Fez agora um mês, encontrei-me com ele em Tavira, sua terra natal. Passeou-se calmamente pelos espaços da biblioteca local, a que atribuíram o seu nome, e ouvi distintamente as suas palavras:
Sim, sou eu mesmo, tal qual resultei de tudo,
Espécie de acessório ou sobresselente próprio,
Arredores irregulares da minha emoção sincera,
Sou eu aqui em mim, sou eu.
Quanto fui, quanto não fui, tudo isso sou.
Quanto quis, quanto não quis, tudo isso me forma.
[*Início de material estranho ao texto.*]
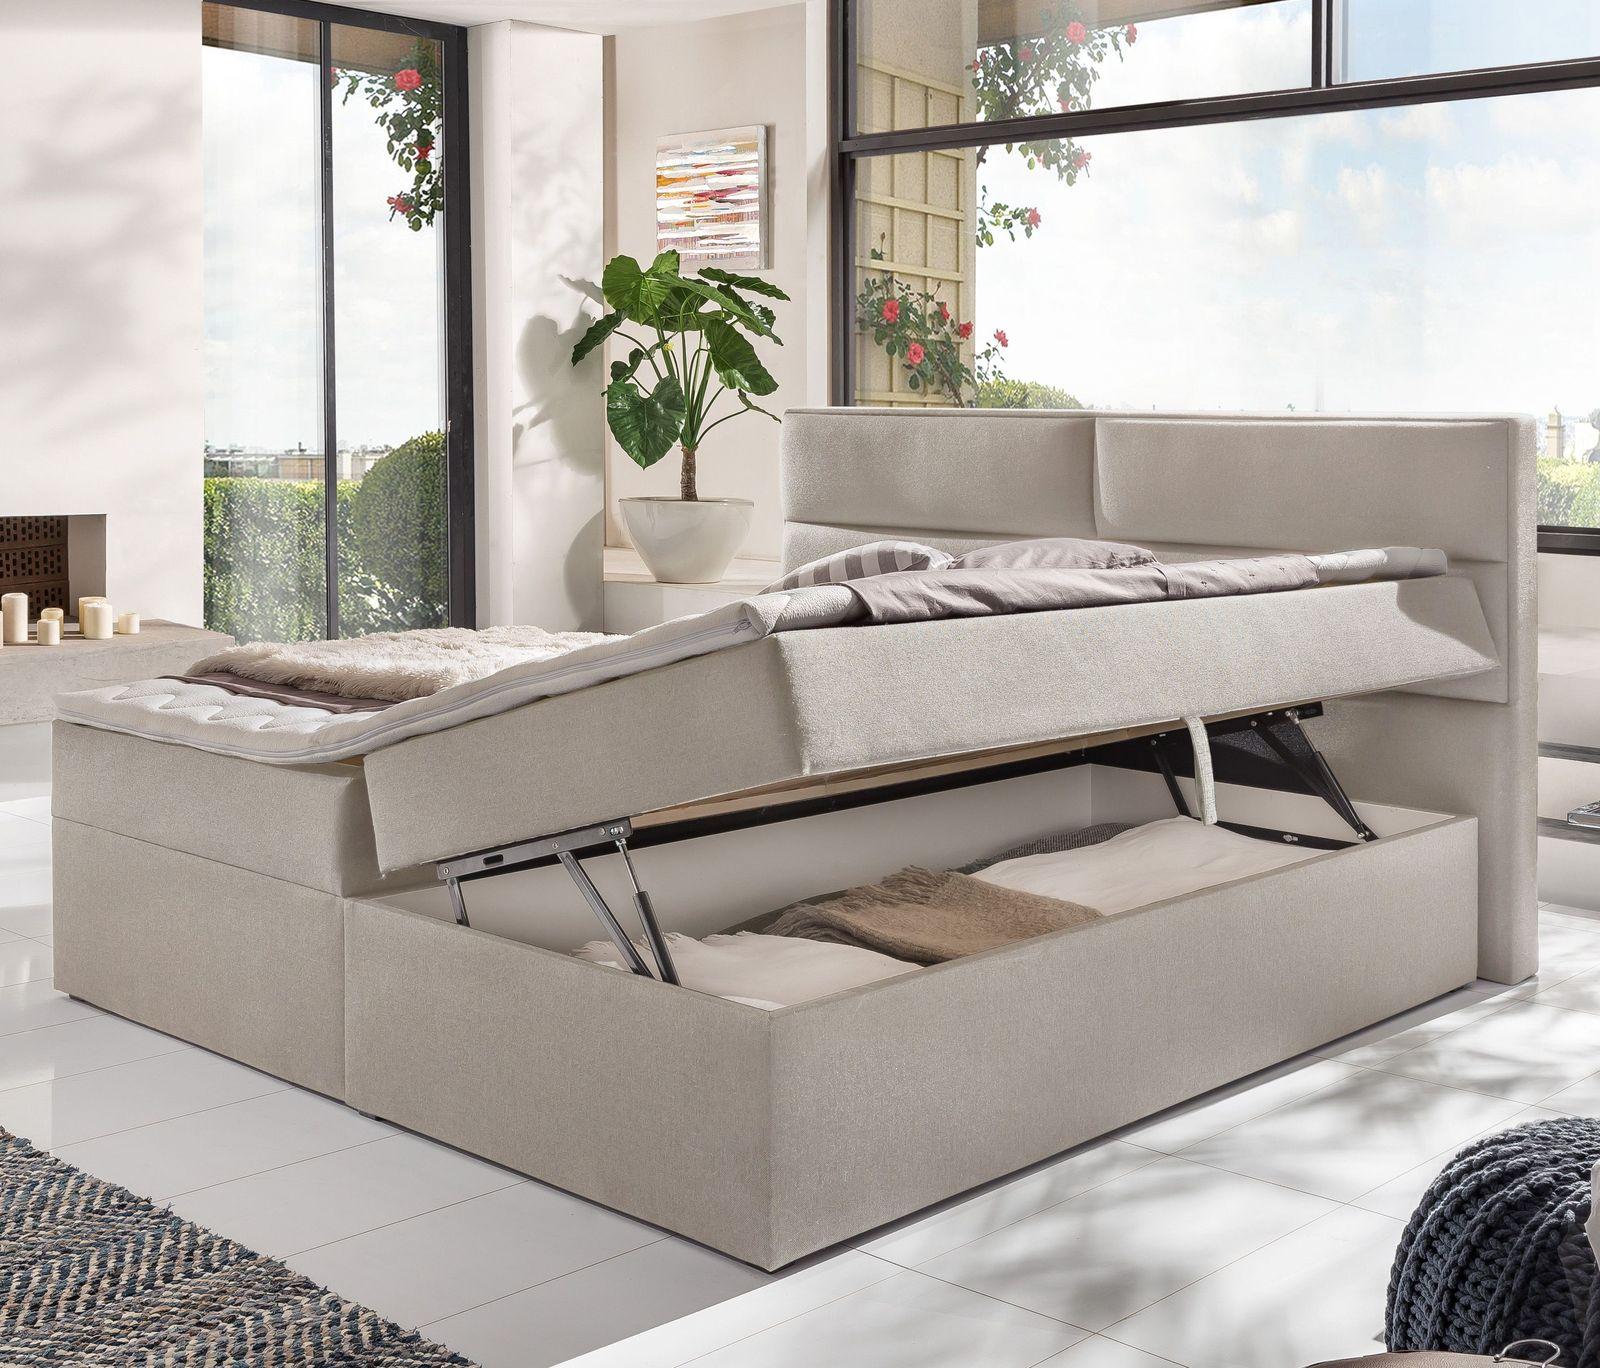 stoff boxbett 180x200 cm inklusive matratzen topper belcastro. Black Bedroom Furniture Sets. Home Design Ideas

Quanto amei ou deixei de amar é a mesma saudade em mim.
E ao mesmo tempo, a impressão, um pouco inconsequente,
Como de um sonho formado sobre realidades mistas,
De me ter deixado, a mim, num banco de carro eléctrico,
Para ser encontrado pelo acaso de quem se lhe ir sentar em cima.
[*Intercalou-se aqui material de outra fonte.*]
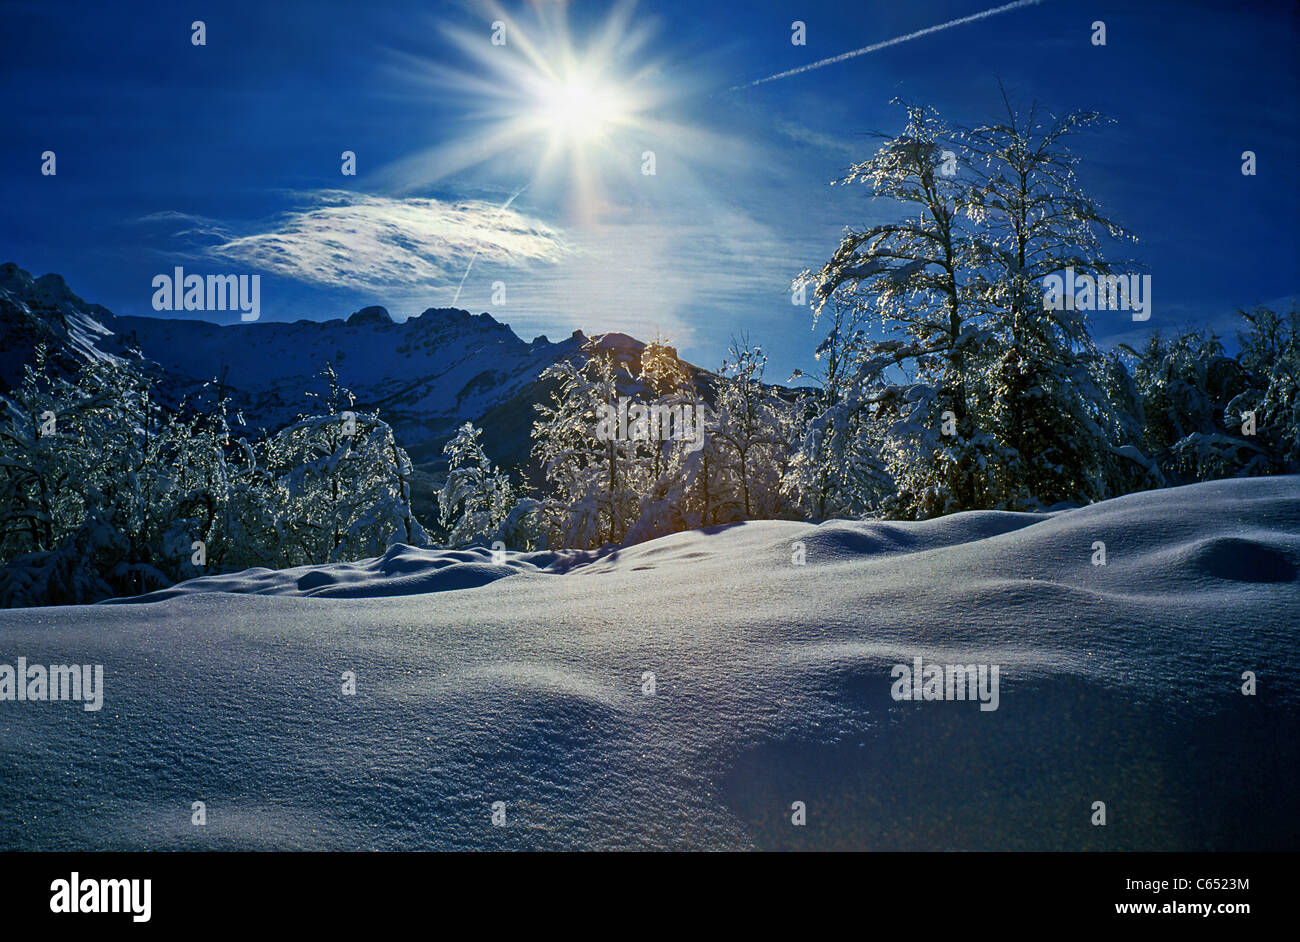 Winter under the snow. - Stock Image

E, ao mesmo tempo, a impressão, um pouco longínqua,
Como de um sonho que se quer lembrar na penumbra a que se acorda,
De haver melhor em mim do que eu.
[.../...]
Álvaro de Campos
Fernando Pessoa
Poesias de Álvaro de Campos
Editorial Nova Ática
Ele pode não ter dito exactamente estas palavras.
Estas escolhi-as eu, ao lê-las hoje, de entre outras suas, como as que nessa noite ouvi distintamente, num enquadramento arquitectónico e cénico que me proporcionou uma das mais belas noites deste Verão, graças à imaginação e à criatividade do grupo de teatro Al-Masrah - (المسرح), residente em Tavira, a quem agradeço a oportunidade.
À Susana e ao Pedro, o meu abraço amigo e reconhecido.
2 comentários:
Há posts que são imperdíveis - este é um deles!
Tive também o prazer de partilhar esses momentos. E que sublimes, pela simplicidade e beleza que transmitiram. Um grande bem haja para o Al-Masrah.